Paper
A large scale prediction of bacteriocin gene blocks suggests a wide functional spectrum for bacteriocins.
James T. Morton, Stefan D. Freed, Shaun W. Lee and Iddo Friedberg.
##How to run Boa:
First, you need to install the following things:
- Python2.7 or greater
- biopython
- matplotlib
- numpy
- panda
- bx-python
- blastall
- hmmer
- cdhit
- clustalw
- nltk
- mafft
- transeq
Most of these can be installed with the following command on Ubuntu.
sudo apt-get install python python-biopython python-matplotlib python-panda python-numpy nltk clustalw cd-hit hmmer
You need to also install blastall, mafft, transeq and bx-python.
blast can be downloaded from here- ftp://ftp.ncbi.nlm.nih.gov/blast/executables/blast+/LATEST/
mafft can be downloaded from here- http://mafft.cbrc.jp/alignment/software/source.html
For transeq, you need to install emboss, which can be downloaded from here (you might need to also install x11 dev files for this, it will show error while installing if you need this)- http://emboss.open-bio.org/html/adm/ch01s01.html
bx-python can be installed through the following link: https://bitbucket.org/james_taylor/bx-python/wiki/Home
If everything is installed properly, now you can run Boa with the pipeline.py file(inside src folder). Following is the command that you can run from your terminal.
python pipeline.py
--root-dir="/home/nafizh/Boa_project/Boa"

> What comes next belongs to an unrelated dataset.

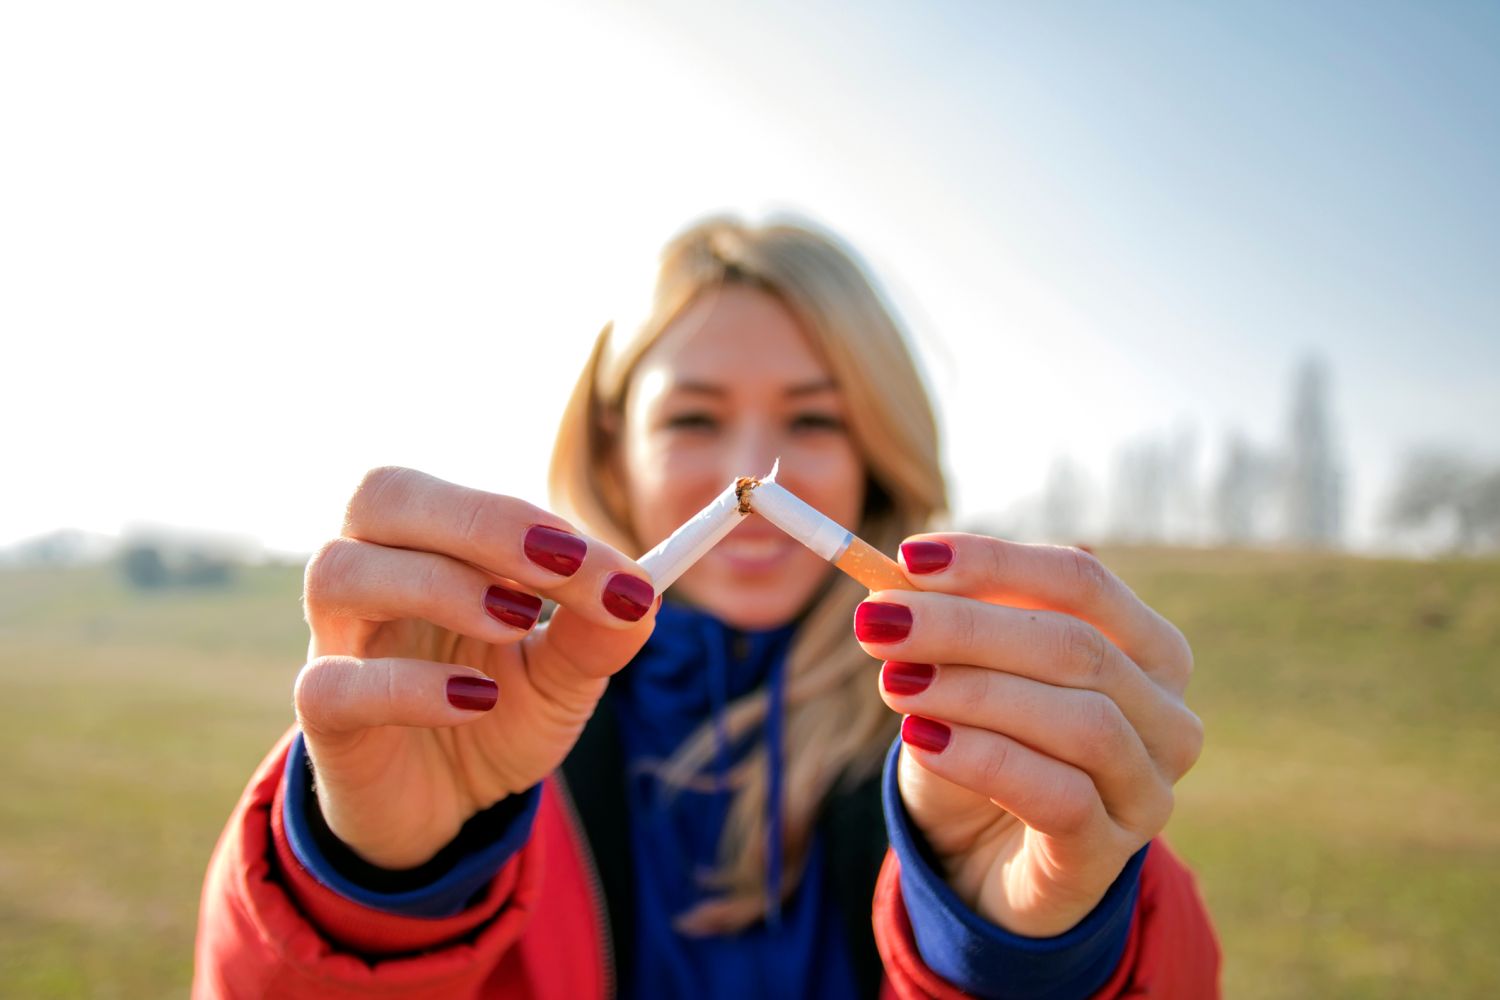 Mit dem Rauchen aufhören: So klappt es jetzt sofort! | Sprühen NicoZero 2021

--genome-dir="/home/nafizh/Boa_project/Boa/boa_genbank_data/"
--bacteriocins="/home/nafizh/Boa_project/Boa/bacteriocins/bagel.fa"
--intermediate="/home/nafizh/Boa_project/Boa/intermediate_me"

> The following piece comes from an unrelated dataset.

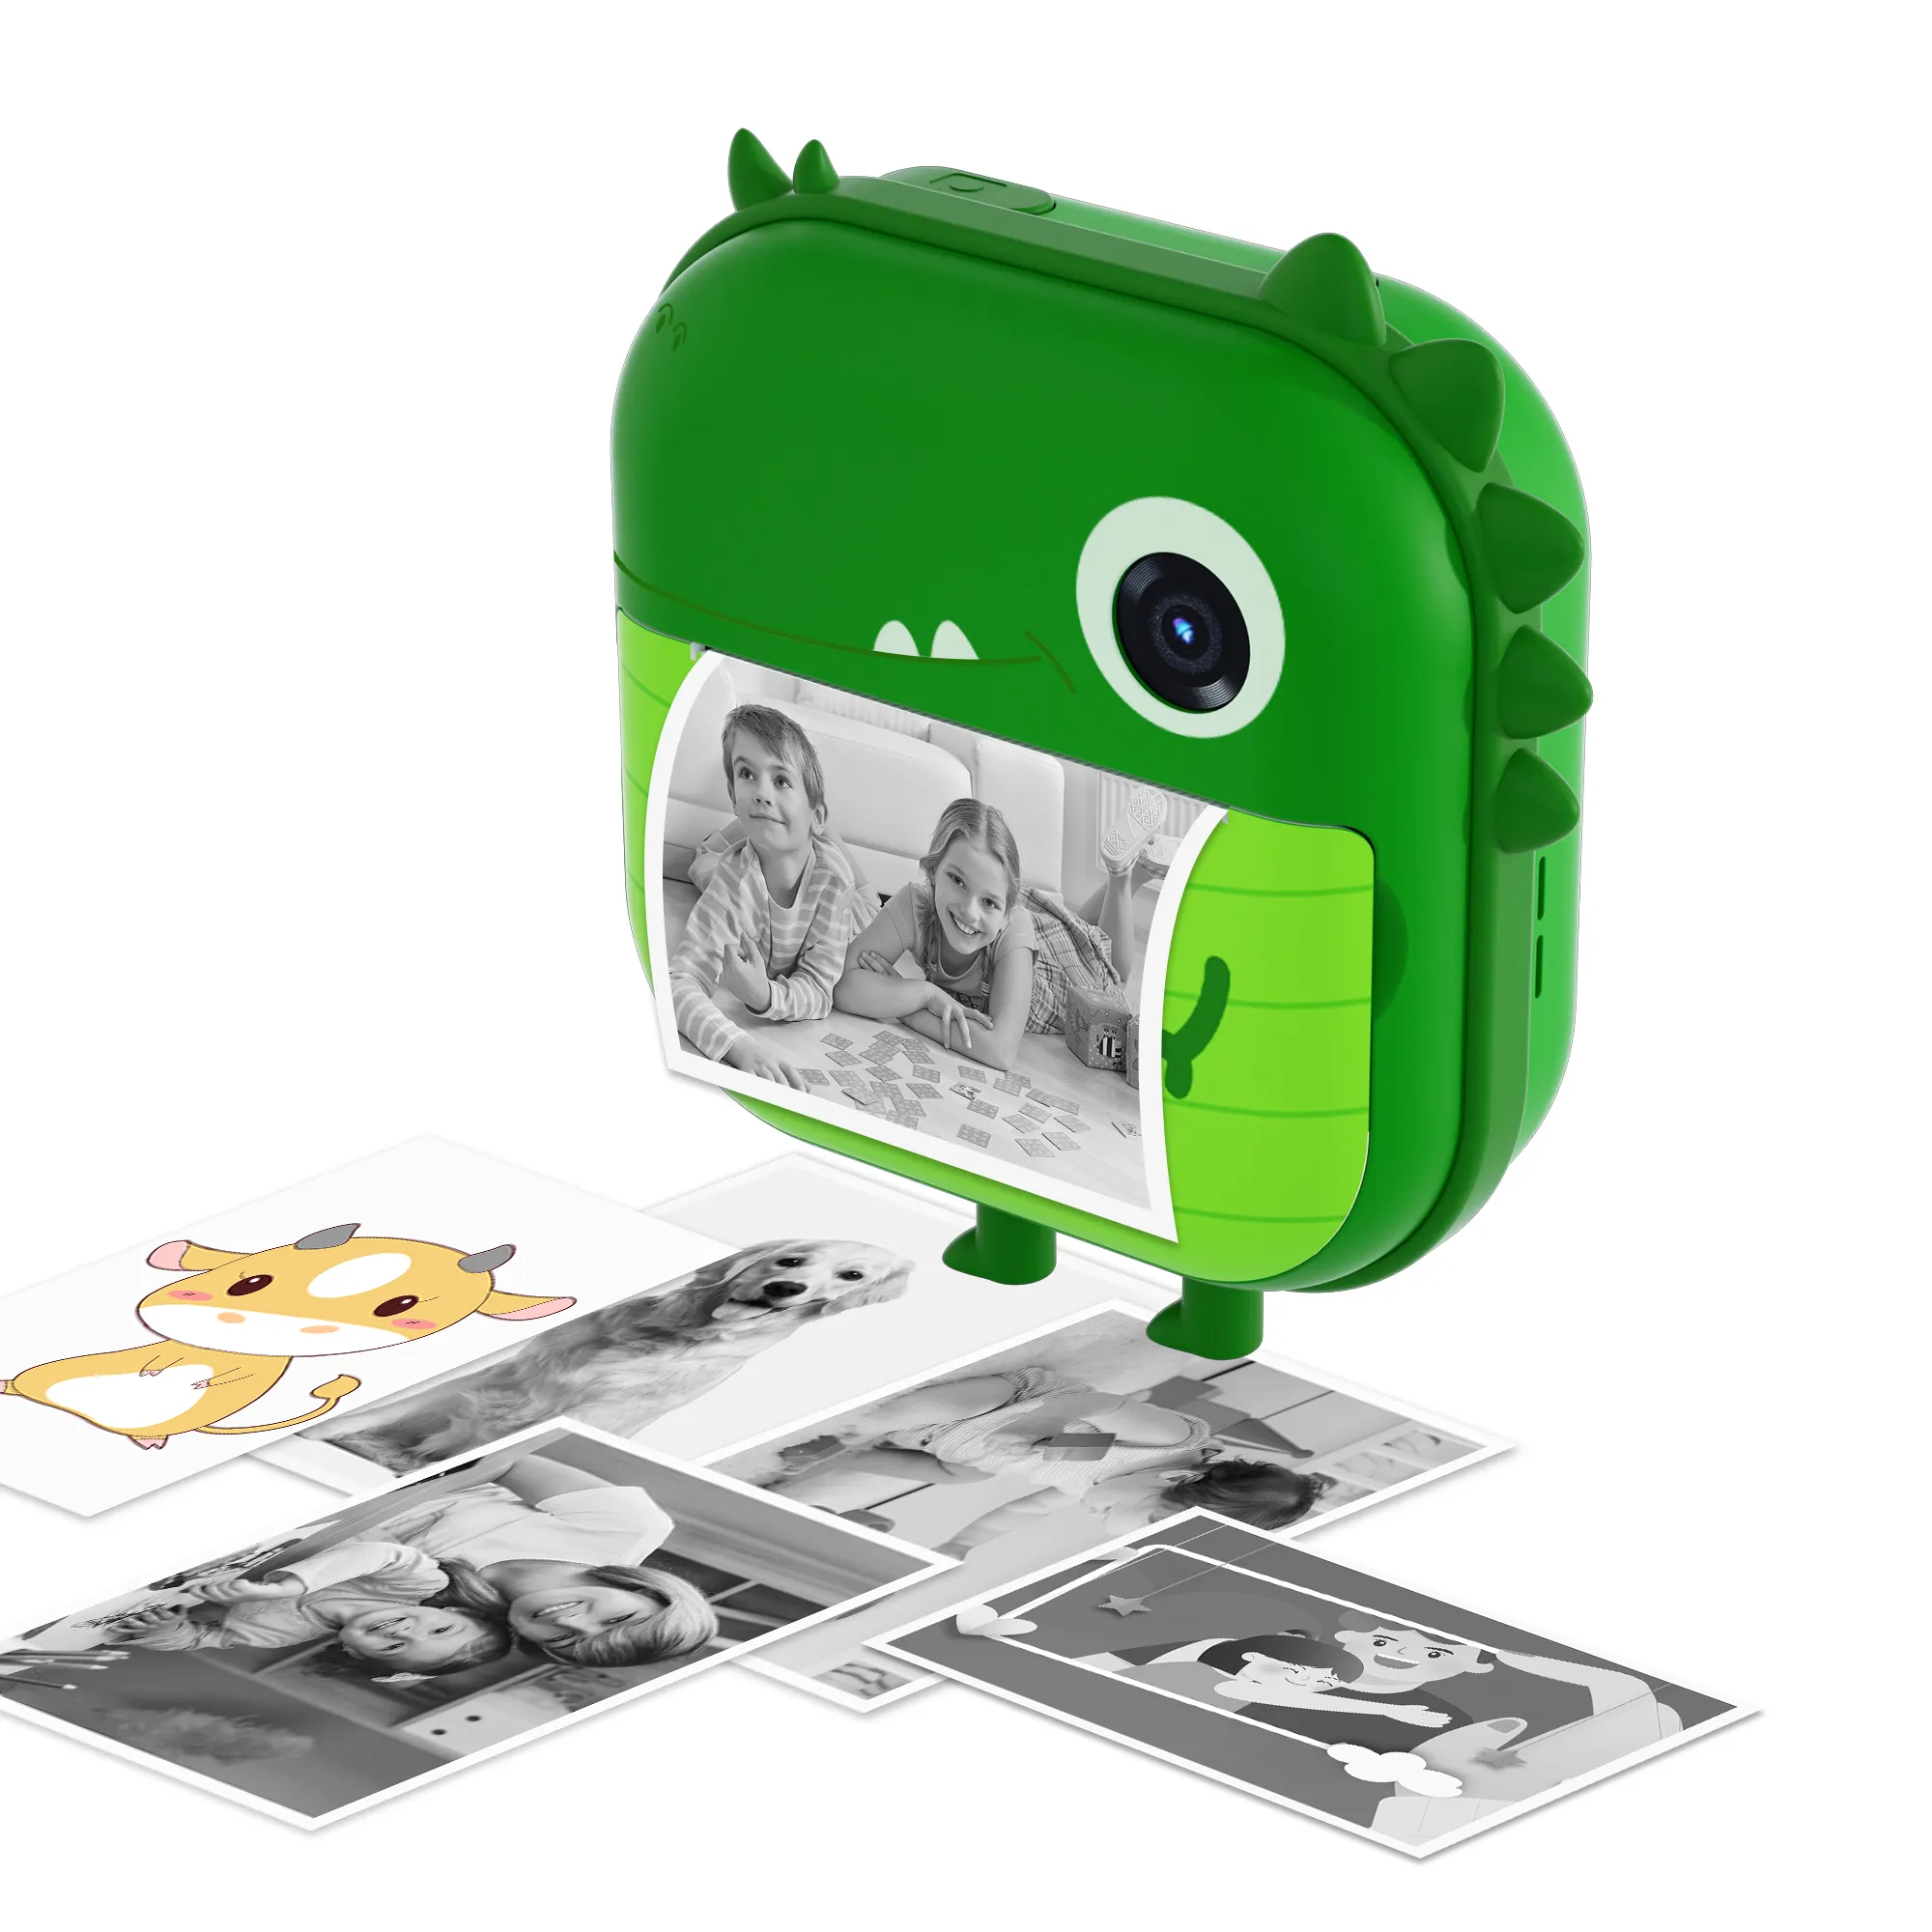 Taşınabilir yeşil 1080p Video kaydedici oyuncaklar dijital Selfie Hd çocuklar anlık kamera ile baskı kağıdı

--training-labels="/home/nafizh/Boa_project/Boa/data/training/training_proteins.txt"
--training-directory="/home/nafizh/Boa_project/Boa/data/training/protein"
--formatdb
Here
- --root-dir is the folder inside which all code and all experimental data reside. My root directory here is "/home/nafizh/Boa_project/Boa", all my code and data is inside this Boa folder.
- --genome-dir is the folder where your bacterial genome files reside.
- --bacteriocin is the file(/bacteriocins/bagel.fa) with bacteriocins that are identified by BAGEL3. It is one part of the "gold standard" data set.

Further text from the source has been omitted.